10/09/2024

TRANSMISSION: TIMOTHY’S HYMN

Date: 10-9-2224

Location: Leaving Rayne Depot



As we stepped out of the depot, the rain thinned to a mist. Pinball’s sensors flickered, and the Pip-Boy crackled alive on its own frequency—one we hadn’t tuned. It wasn’t static. It was song.

A hymn, fractured but clear:
a man’s voice, weary yet steady, singing from a time before collapse.

“Tracks don’t end, they bend.
Follow them home, child, follow them home.
Steel may rust, but covenant don’t.
Follow them home, child, follow them home.”

 

Larry cursed, thought it was just some old-world broadcast echoing. But I knew better. This wasn’t coincidence it was resonance. The Codex says: covenant travels in silence until structure catches it. Timothy’s bones may have stayed, but his signal still moved.

The hymn bled into spoken word—Timothy’s own voice, encoded and warped by time:

If you’ve found me, mark this place. Not as my grave, but as your station. The tracks are more than iron. They are covenant, cut into earth. Walk them not for escape but return. Whoever holds this frequency, remember—stations are not monuments. They are bread. They are water. They are God’s whisper between storms.”

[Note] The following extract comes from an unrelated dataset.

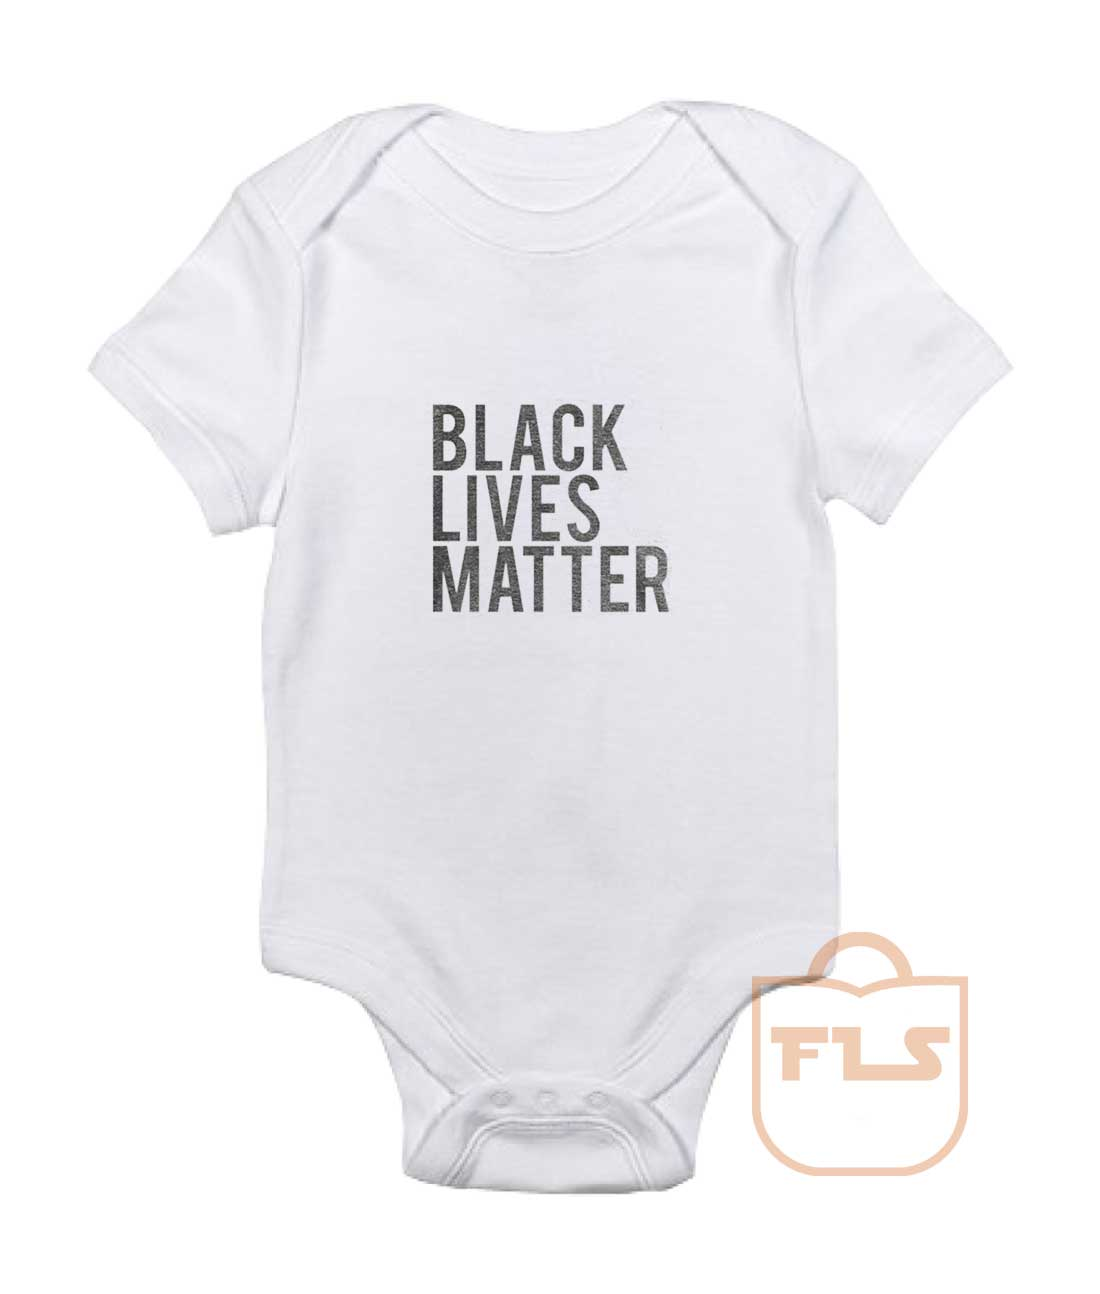 My life matters Black Lives Matter bodysuit newborn gift toddler bodysuit Baby Onesie,Baby bodysuit,Black History month onesie

Then the signal snapped. Silence. Only the oily mist dripping from rooftops.

Clancy stood still, hand on the depot doorframe, eyes locked like he saw more than ruins. Larry broke it first, grumbling about caps, about how even ghosts are trying to “sell us sermons.” But I caught his hand shaking. Even he heard something that cut deeper than profit.



We logged the frequency. We marked the station. The Railroad teaches: become the signal, do not follow maps. And Timothy, even in death, became the signal.